US secretary of state Antony Blinken on Sunday kicked off two days of high-stakes diplomatic talks in Beijing aimed at trying to cool exploding US-China tensions that have set many around the world on edge.
Blinken opened his programme by meeting Chinese foreign minister Qin Gang for an extended discussion to be followed by a working dinner. He’ll have additional talks with Qin, as well as China’s top diplomat Wang Yi and possibly President Xi Jinping, on Monday.
Neither Blinken nor Qin made any substantive comments to reporters as they began the meeting at the Diaoyutai State Guesthouse.
Despite Blinken’s presence in the Chinese capital, prospects of any significant breakthroughs are slim, as already strained ties have grown increasingly fraught in recent years.
Animosity and recriminations have steadily escalated over a series of disagreements that have implications for global security and stability.
Blinken is the highest-level American official to visit China since President Joe Biden took office and the first secretary of state to make the trip in five years.

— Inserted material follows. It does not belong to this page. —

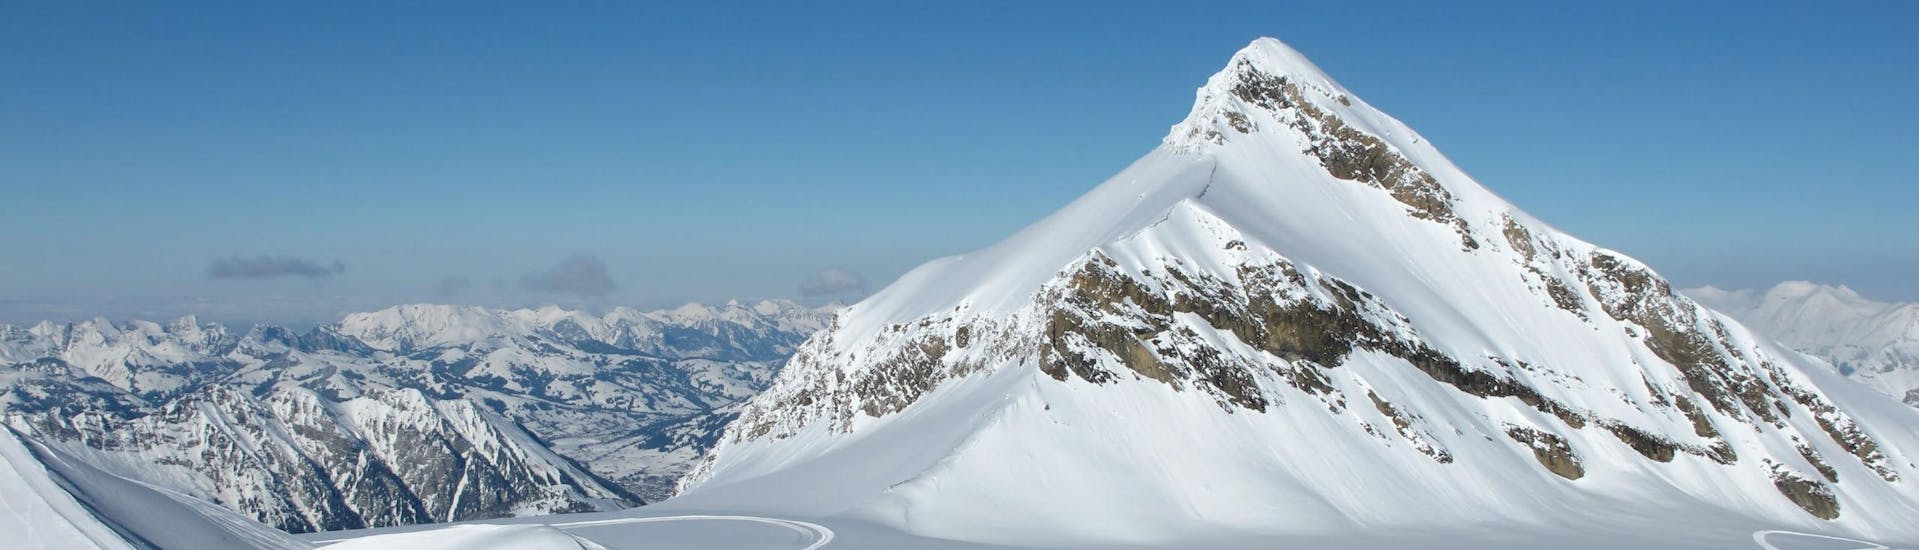 Ausblick über die schneebedeckten Bergspitzen des Skigebiets Les Diablerets, wo die örtlichen Skischulen ihre Skikurse ausführen. 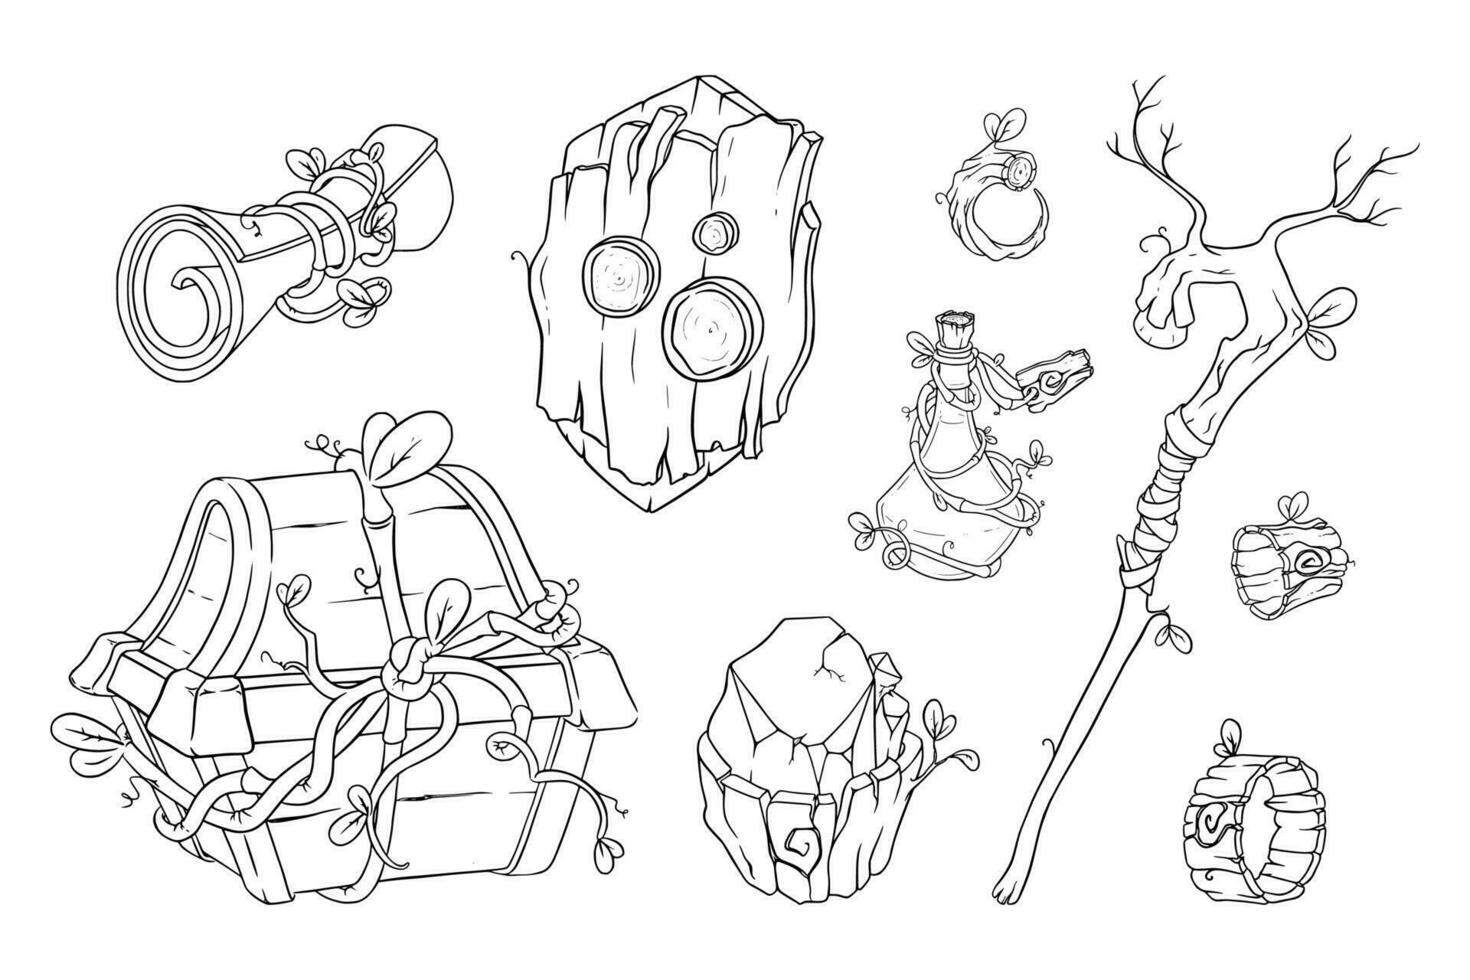 magie spel items met toverstok, borst, toverdrank en andere rekwisieten. schetsen van druïde spel voorwerpen. vector illustratie

Biden and Xi agreed to Blinken’s trip early at a meeting last year in Bali. It came within a day of happening in February but was delayed by the diplomatic and political tumult brought on by the discovery of what the US says was a Chinese spy balloon flying across the United States that was shot down.
The list of disagreements and potential conflict points is long, ranging from tradewith Taiwan, human rights conditions in China and Hong Kong to Chinese military assertiveness in the South China Sea and Russia’s war in Ukraine.
Blinken will also be pressing the Chinese to release detained American citizens and to take steps to curb the production and export of fentanyl precursors that are fueling the opioid crisis in the US.
US officials have said Blinken will raise each of these points, though neither side has shown any inclination to back down on their entrenched positions.